2. Use TCP for SIP (workaround)
If fragmented UDP cannot be fixed on the network side, use TCP for SIP instead of UDP. TCP may be handled differently by your NAT/firewall.

  • On M4: enable TCP for SIP in the Operator Panel (OP): Advanced (or advanced section) → enable TCP for SIP. Verify the exact menu label in the application.
  • On the client: configure the SIP stack to send signaling over TCP to M4 (same destination IP/port, TCP instead of UDP).


3. Verify with tests
To confirm that oversized UDP is fragmented and that fragments are dropped on your side, use the following from a client machine and capture on the server.

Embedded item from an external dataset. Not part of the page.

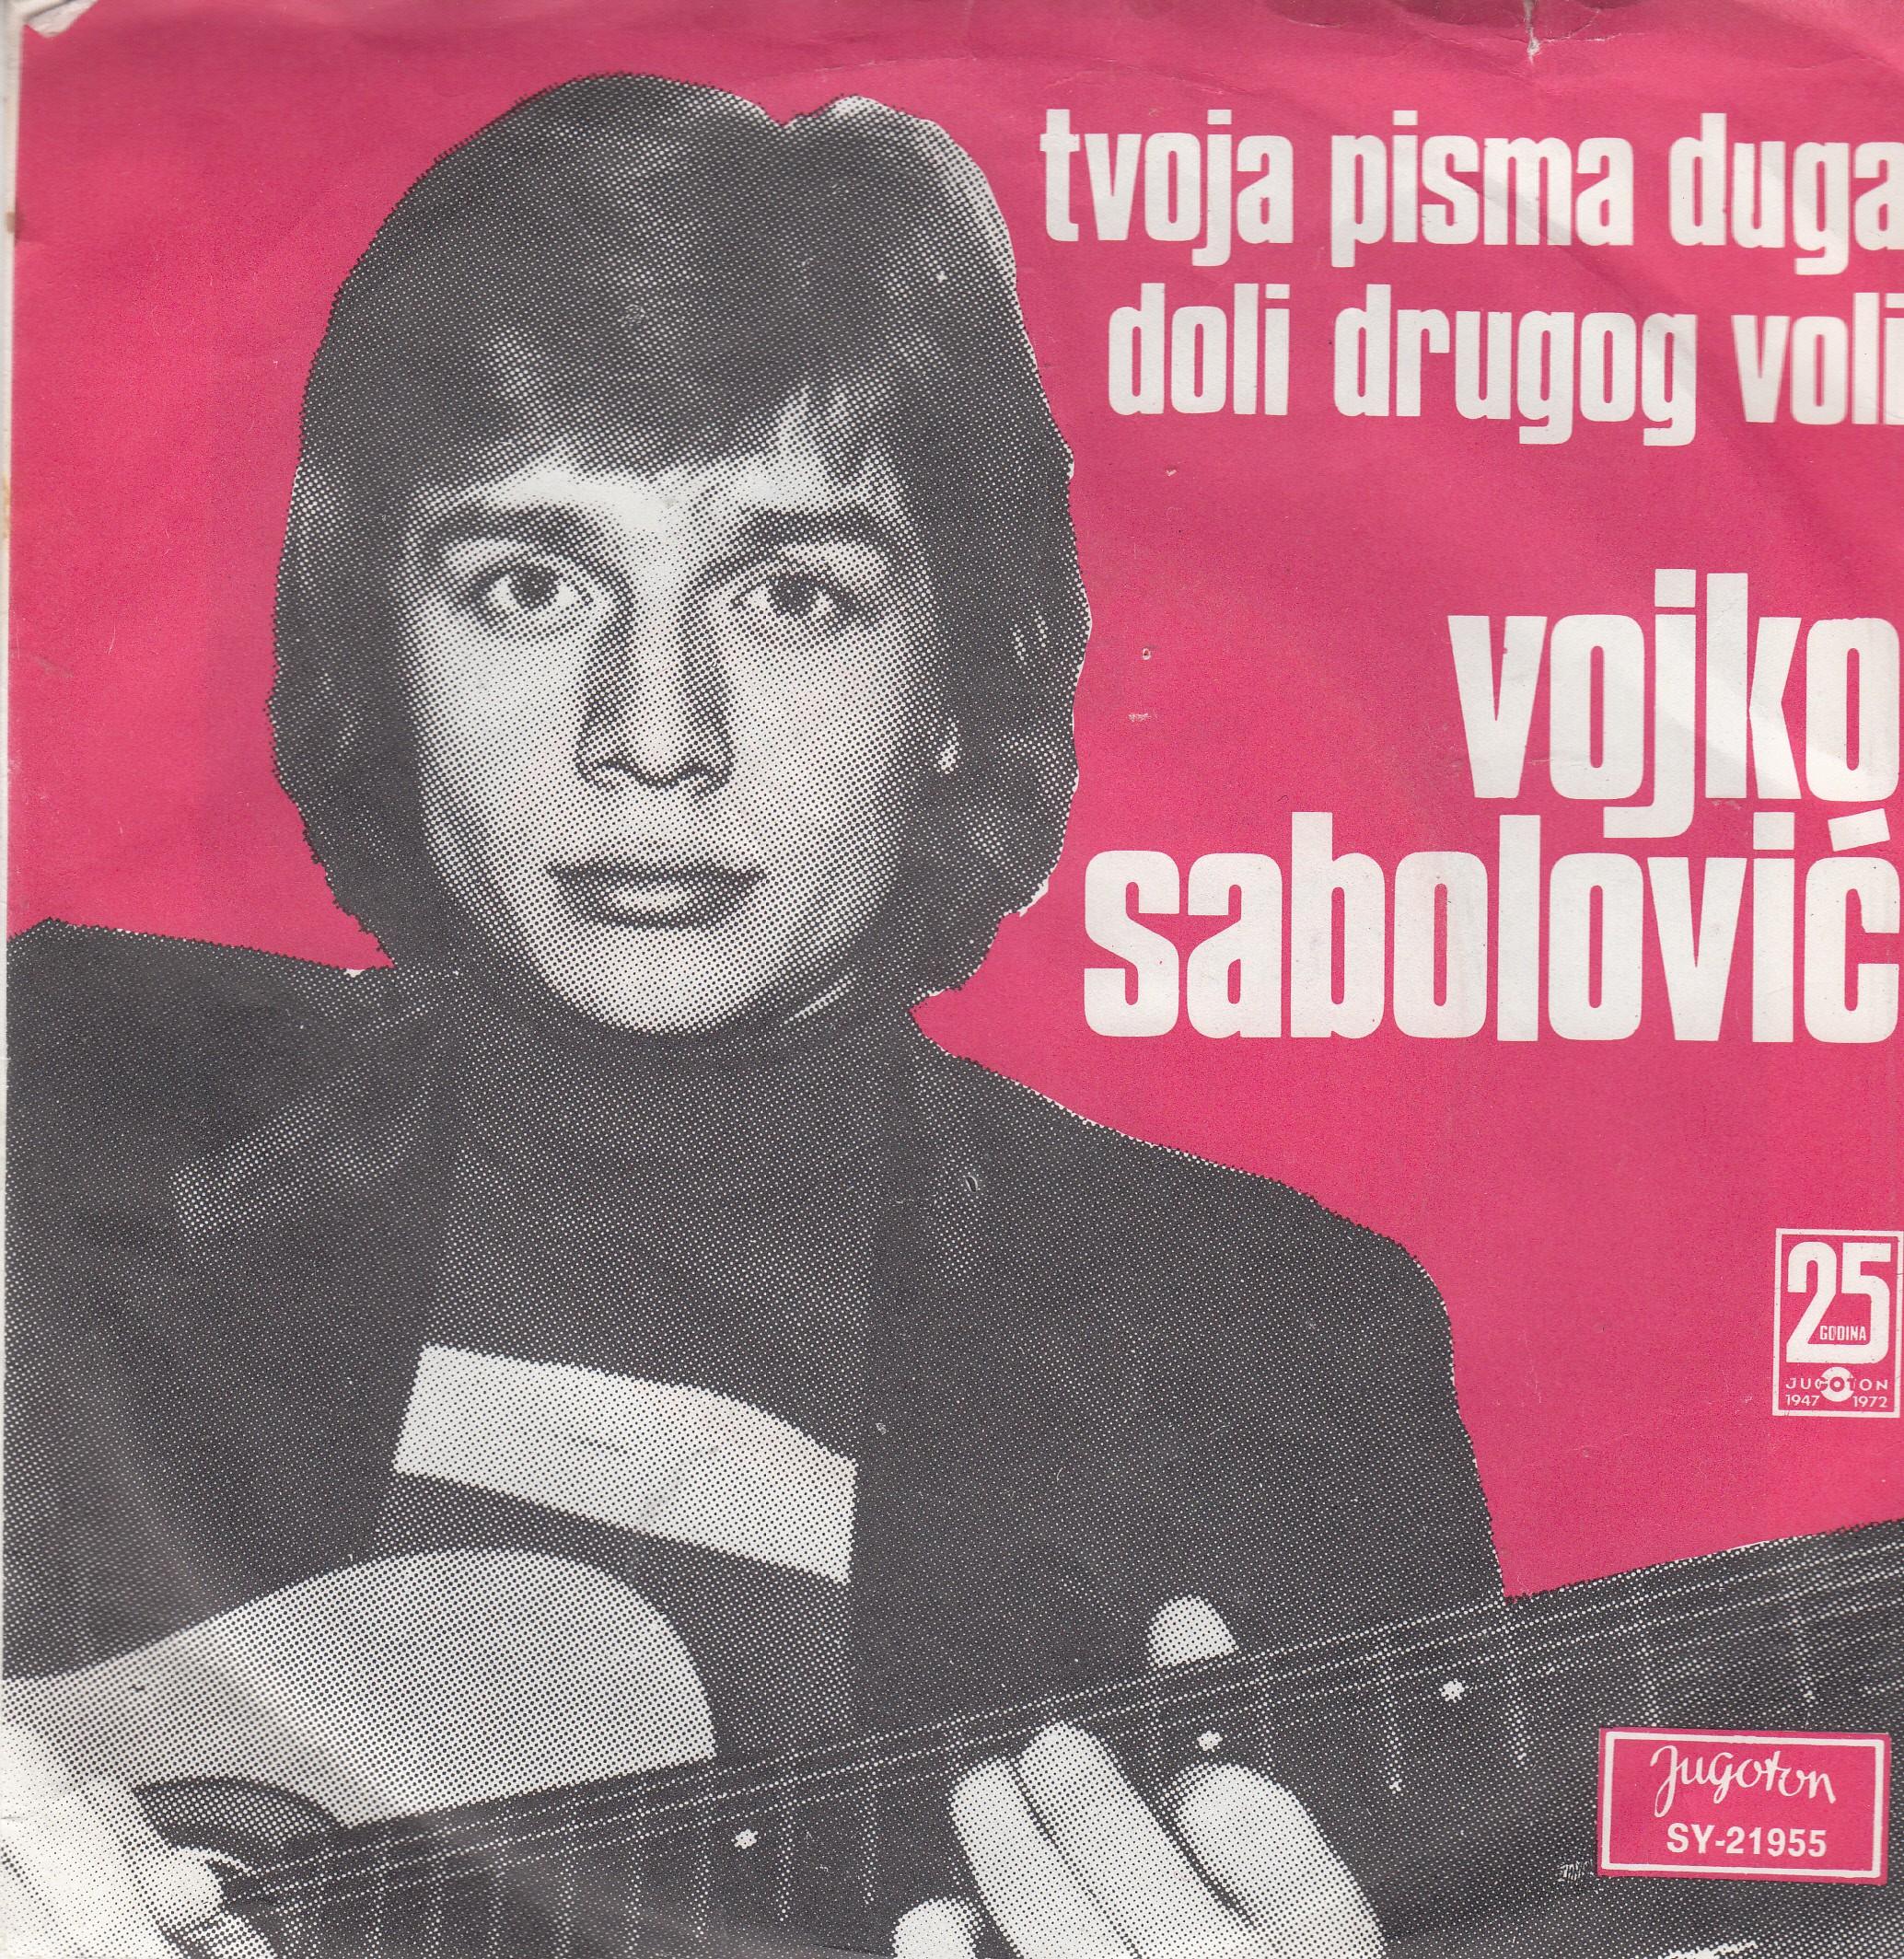 Sabolovic Vojko - Tvoja Pisma Duga/doli Drugog Voli

  • From the client (replace xx.xx.xx.xx with the M4/server IP, use a port that nothing listens on, e.g. 1234):
    • Non-fragmented (payload 1472 + 28 = 1500 bytes, within MTU): hping3 -p 1234 -c 3 --udp -d 1472 xx.xx.xx.xx
    • Fragmented (payload 1473 + 28 = 1501 bytes, over MTU): hping3 -p 1234 -c 3 --udp -d 1473 xx.xx.xx.xx
  • Interpretation: if UDP is delivered, the host will respond with ICMP “port unreachable,” and you will see 0% packet loss. If only the 1472-byte test shows 0% loss and the 1473-byte test shows loss, fragmented UDP is being dropped.
  • On the server, to see what actually arrives (replace yy.yy.yy.yy with the client IP): tcpdump -i any -nn 'host yy.yy.yy.yy and not tcp'. The not tcp filter prevents your SSH session from being captured. Compare what you see when sending 1472 vs 1473 bytes from the client.

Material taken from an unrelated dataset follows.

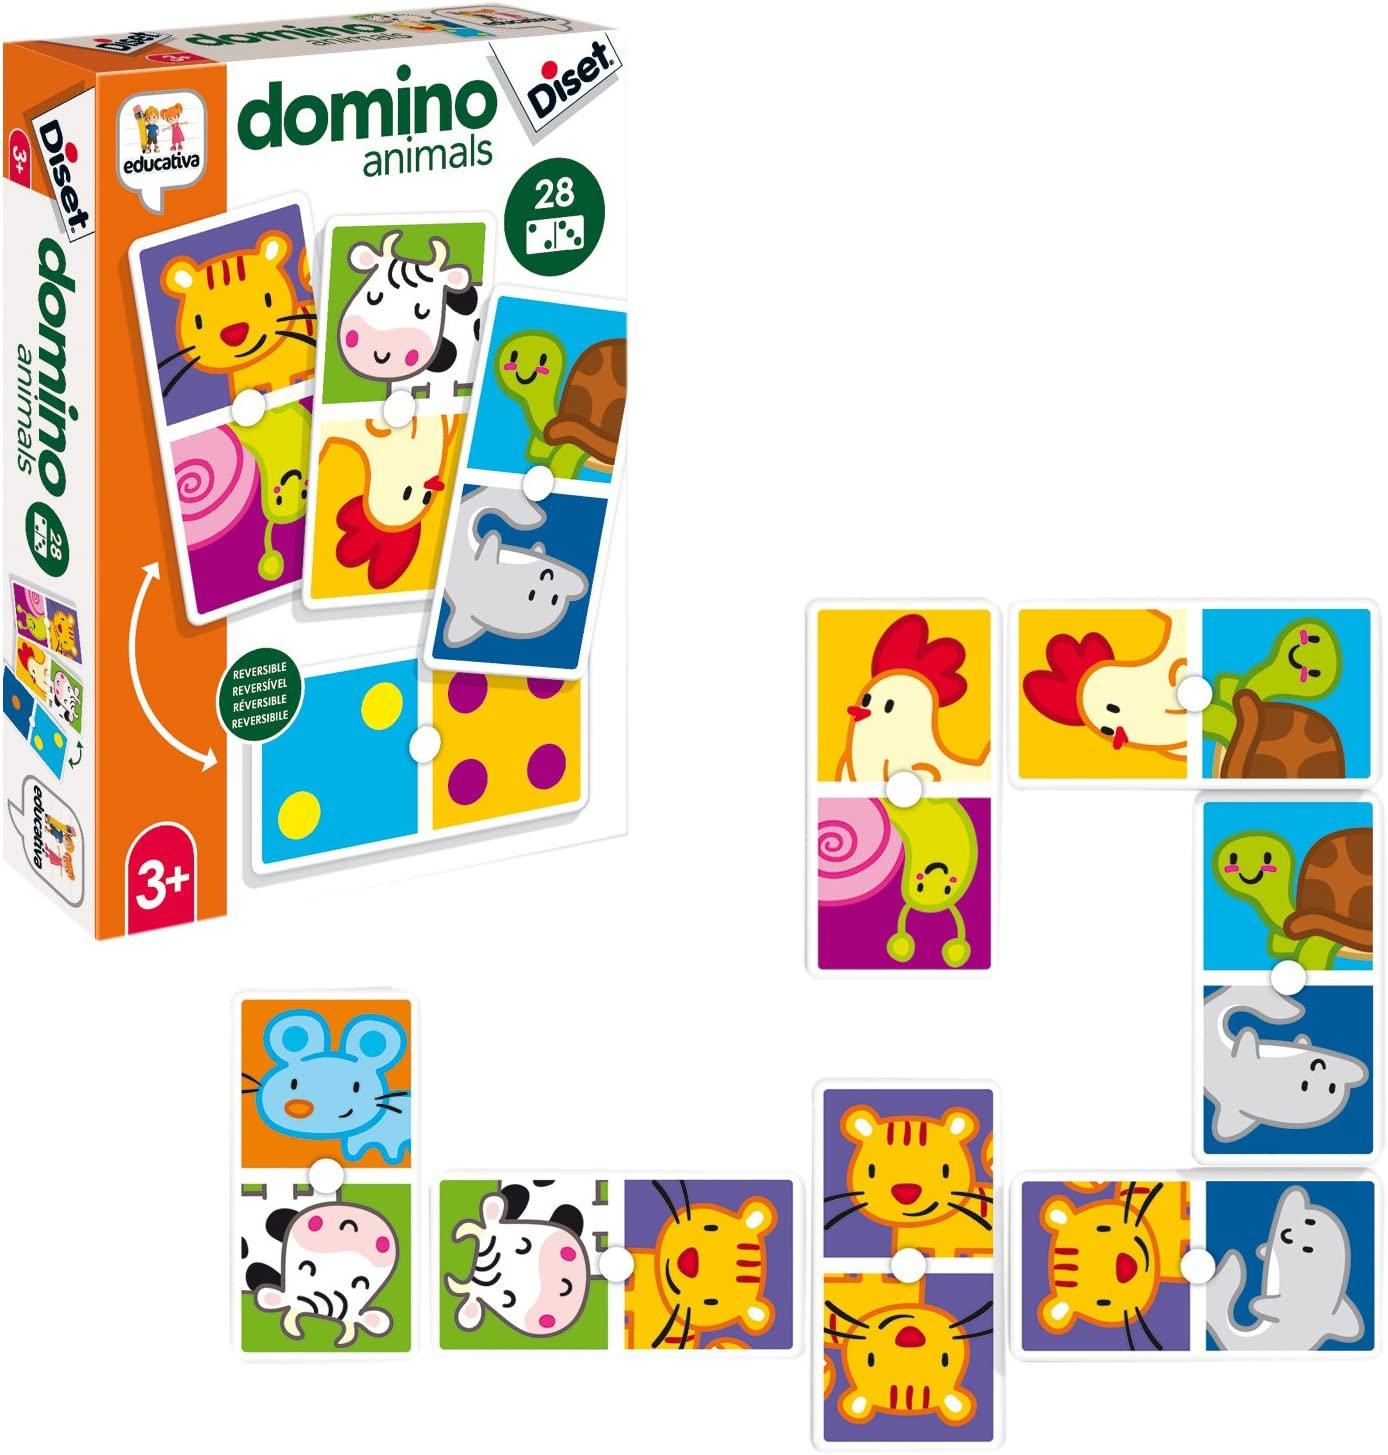 Joc domino - Animale imagine edituradiana.ro

Example where red is oversized packets and green are good UDP packets:

2603051804.png



Related
If the initial INVITE is also too large (e.g., many codecs in SDP), reducing the SDP size (e.g., only needed codecs) can keep packets under MTU; see MOR does not send Contact header. For NAT and port forwarding in general, see M4 under NAT.